The author stops short of prescriptive solutions, but does suggest that society, mindful of the precautionary principle, should do more to limit emissions, and do so more concertedly. That brings us to the last reason you might want to give the essay a look. Some readers will find themselves by virtue of education and background positioned to do more – to extend the particular line of reasoning, or flag other scenarios and additional pathways or cascades that merit investigation. This subject matter cries out for diverse individual perspectives to complement the more structured IPCC work. The biggest climate risks we face will be the ones we fail to see coming.
So much for efforts to detect the climate signal. Now let’s turn to the social noise. Also in today’s news, the NYT reports Supreme Court to Hear Case on E.P.A.’s Power to Limit Carbon Emissions, observing that the case, brought by Republican-led states and coal companies, could frustrate the Biden administration’s efforts to address climate change.
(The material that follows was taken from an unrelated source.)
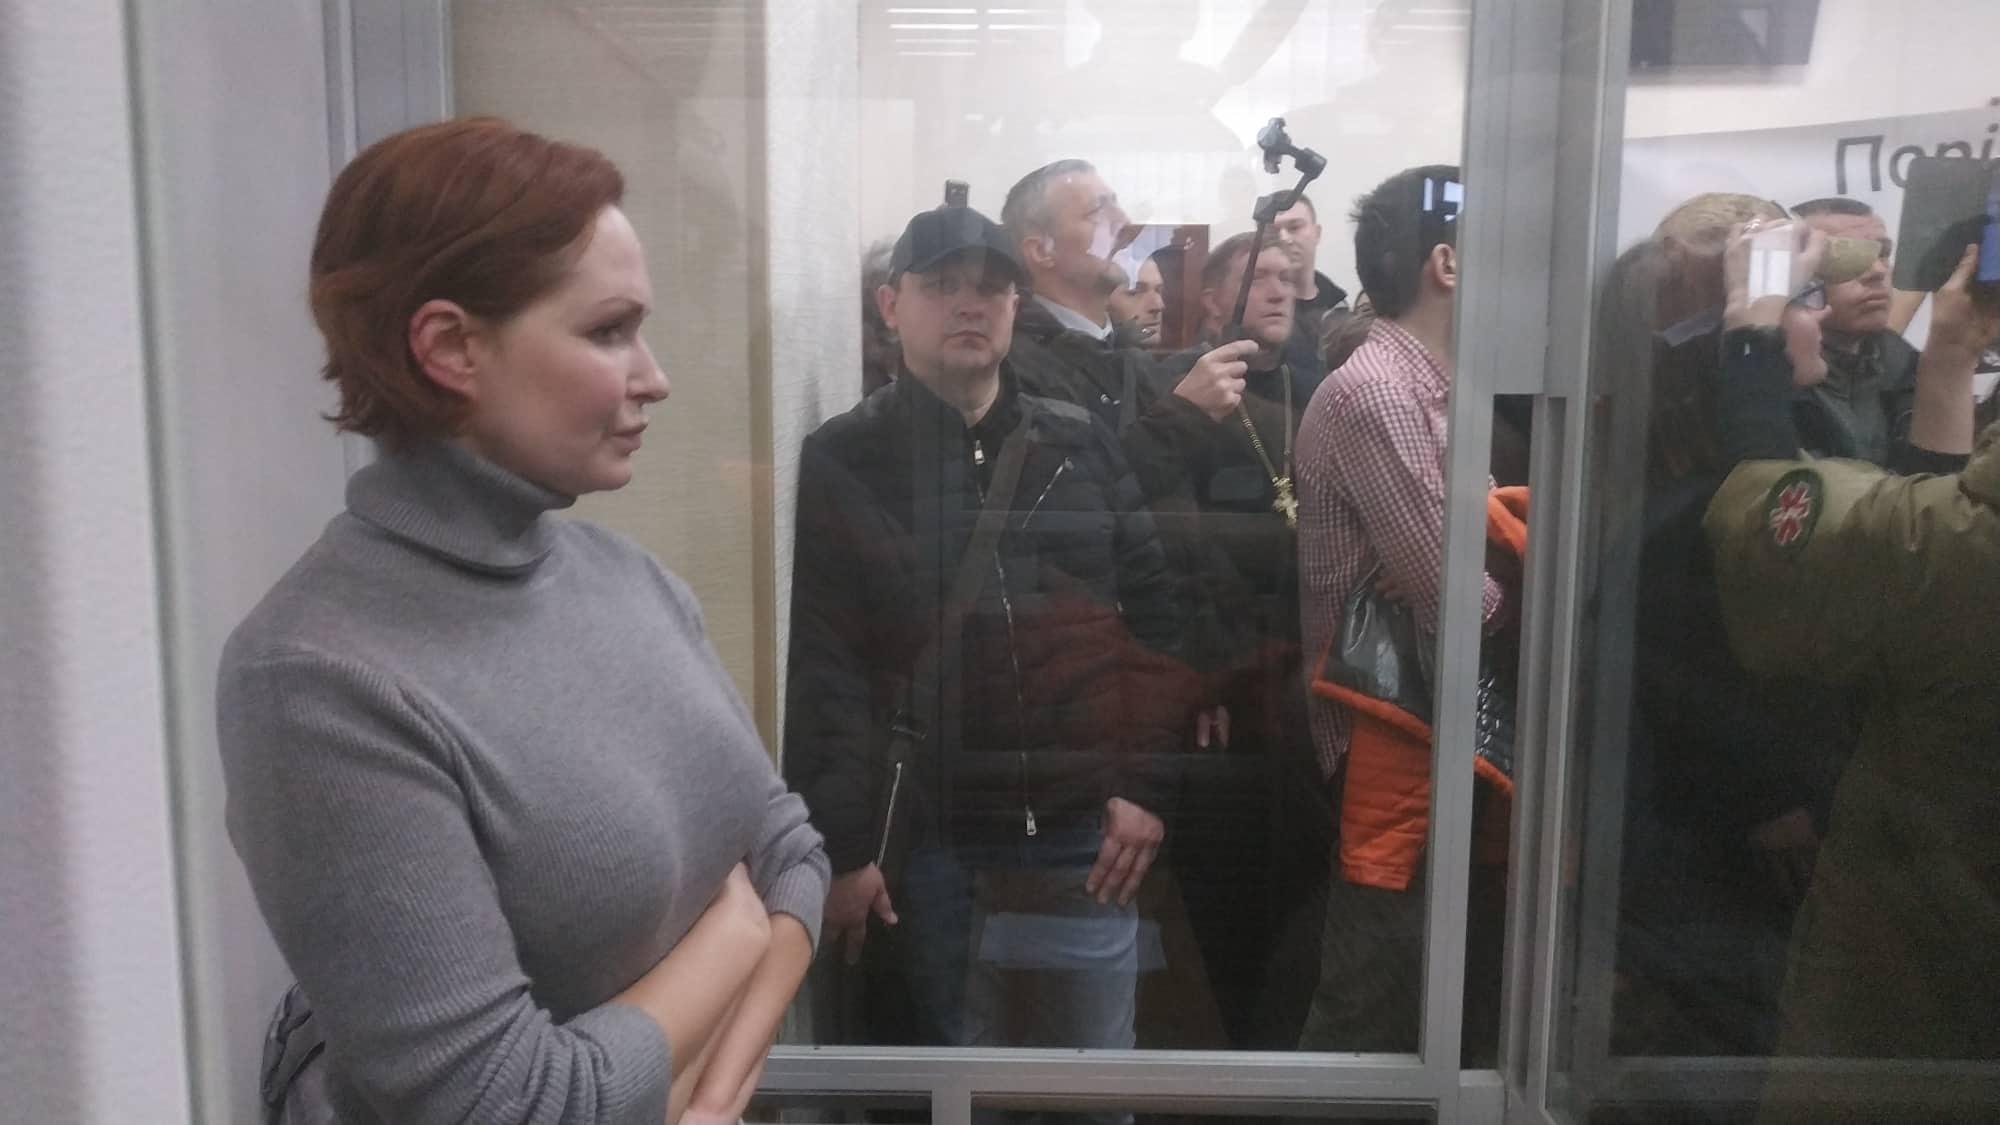 https://img.pravda.com/images/doc/f/0/f0e0a76-kuzmenko-original.jpg

A Washington Post report on the same subject notes that [today], the court takes up a years-long challenge from coal-mining companies and Republican-led states contesting the authority of the Environmental Protection Agency to mandate sweeping changes to the way the nation’s power sector produces electricity, the nation’s second-largest source of climate-warming pollution…
… Environmental advocates fear the Supreme Court’s conservative majority could limit the Biden administration’s ability to curb carbon pollution from power plants before any regulation is written, and leave the United States short of its climate goals at a time when scientists suggest drastic cuts in emissions are needed to avert dangerous warming.
So, at precisely the moment when climate change trends challenge society to identify, develop and carry out a unified, sustained set of actions, those sectors of society most invested in one side or the other of impacts, adaptation, and vulnerability questions (the major political parties, the fossil fuel industry, environmental groups) are putting out shrill messages more aimed at emphasizing polar-opposite views than attaining an actionable middle ground. The public is then left to sort that out on its/our own.
Climate change is not a slow-onset event. It’s rapid onset, compared with the time required for 8 billion people to reach consensus on what to do about it.